Dimensione letteraria
1. La pericope biblica del vangelo (Lc 24,46-53) inizia in modo conciso: «E disse loro: “Così sta scritto…”». La formula liturgica sopprime l’espressione “e disse loro”, amplificando l’incipit in questo modo: «In quel tempo, Gesù disse ai suoi discepoli: “Così sta scritto…”». Forse la formula liturgica del vangelo poteva incominciare con Lc 24,45 (“Allora aprì loro la mente per comprendere le Scritture…”). Ciò avrebbe facilitato l’ascoltatore nella comprensione di quello che Gesù sta dicendo. Il Maestro sta presentando in sintesi quanto dice la Scrittura su di Lui. I discepoli erano stati preparati (ma non lo sono gli uditori attuali) da quanto viene esplicitato al v. 45 (mancante).

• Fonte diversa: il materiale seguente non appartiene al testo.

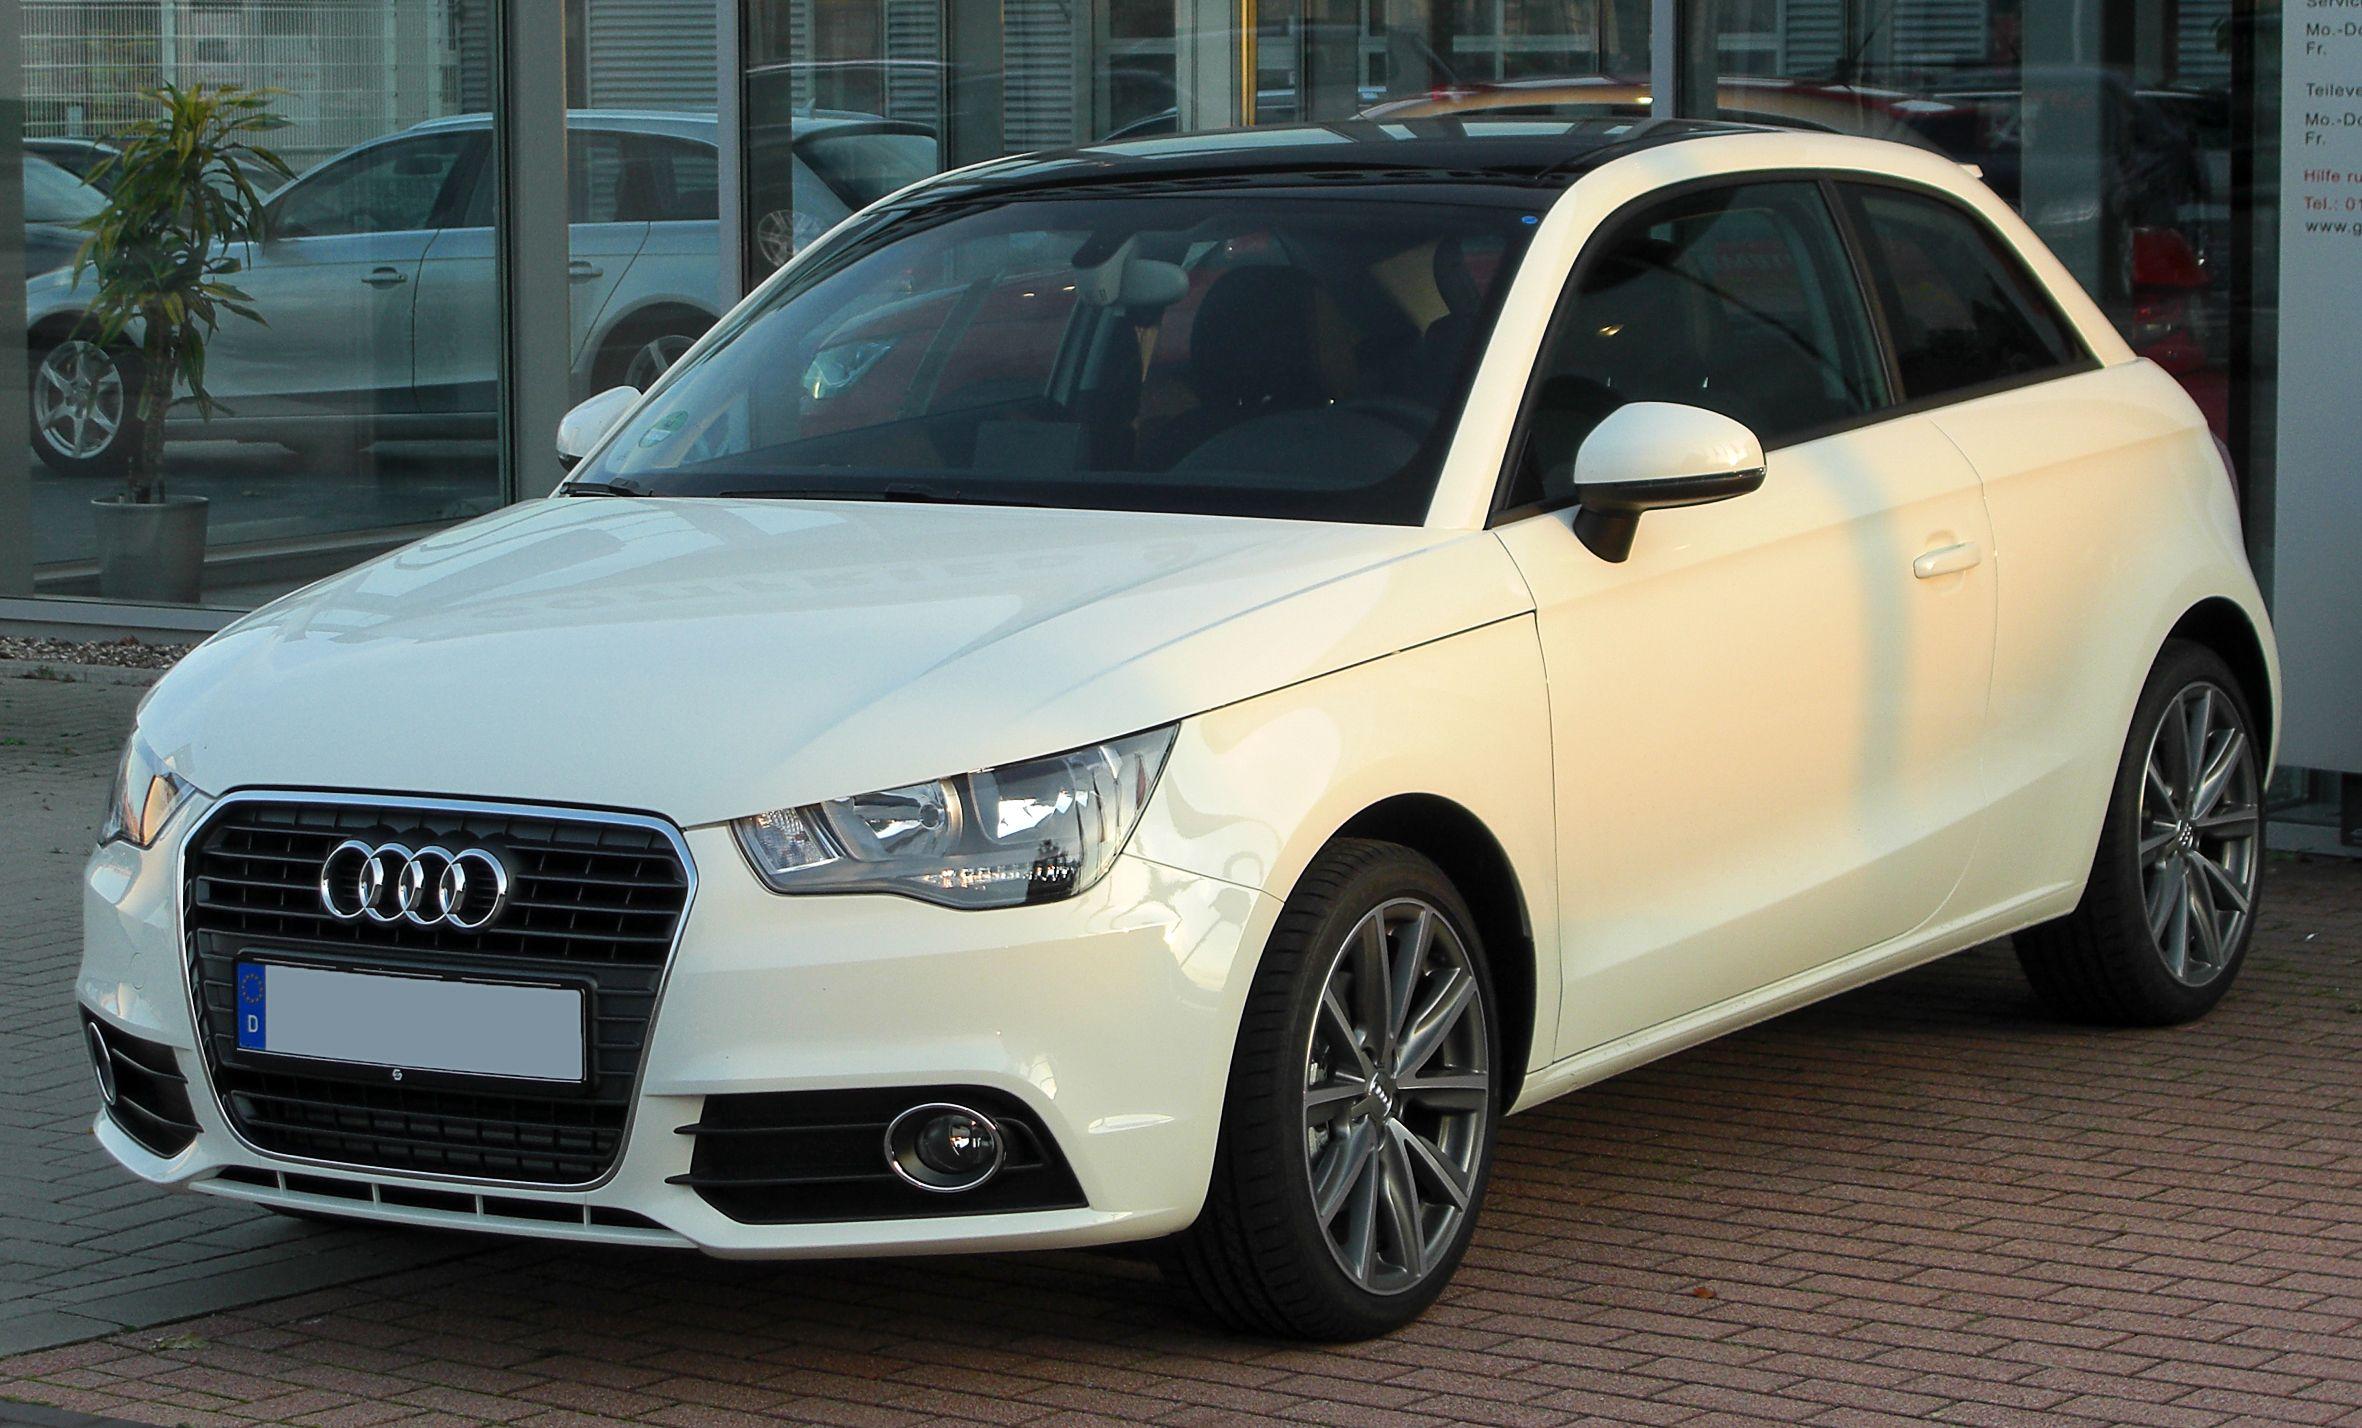 Audi a1 1 6 tdi ambition audi a1diesel vehicleshtml

2. La formula evangelica si può scandire in tre momenti: le parole di Gesù sull’adempimento dell’Antico Testamento nei confronti della sua persona e del suo Mistero Pasquale (Lc 24,46-47); la testimonianza e la missione dei Dodici (Gv 24,48-49); l’Ascensione e le sue conseguenze (Lc 24,50-52). Il fatto dell’Ascensione è scandito dall’uscita da Gerusalemme, dalla benedizione sacerdotale di Gesù, dall’Ascensione stessa e dall’adorazione dei discepoli (“si prostrarono davanti a lui”), gioiosi e accomunati dalla vita “nel tempio”.
Riflessione biblico-liturgica
1. Nei primi versetti della formula evangelica (Lc 24,46-47) Gesù riassume le profezie veterotestamentarie. Egli poco prima aveva detto ai suoi discepoli: “Bisogna che si compiano le cose scritte su di me nella legge di Mosè, nei Profeti e nei Salmi” (Lc 24,44). L’Antico Testamento aveva fondamentalmente profetizzato il Mistero Pasquale e il perdono dei peccati. Un testo veterotestamentario riassuntivo è il quarto carme del Servo di Yhwh, Is 52,13-53,12, dove il profeta annuncia le sofferenze salvifiche del Servo, il suo ritorno alla vita e il dono dei popoli a lui fatto da Dio.
2. I discepoli non sono solo testimoni della morte e della risurrezione del Signore, ma anche dell’adempimento in Gesù di tutte le Scritture. La loro testimonianza, dunque, non può circoscriversi all’evento prodigioso della risurrezione, ma si estende anche alla “rilettura” della Scrittura (Antico Testamento) secondo quanto insegnato da Gesù sull’adempimento di tutto ciò che era scritto nel Pentateuco, nei libri storico-profetici e nei Sapienziali nei confronti della sua persona. Nella Chiesa nascente, perciò, c’è stato uno studio esegetico portentoso della Scrittura per parlare in modo appropriato di Gesù; studio di cui si ha ampia traccia nel Nuovo Testamento.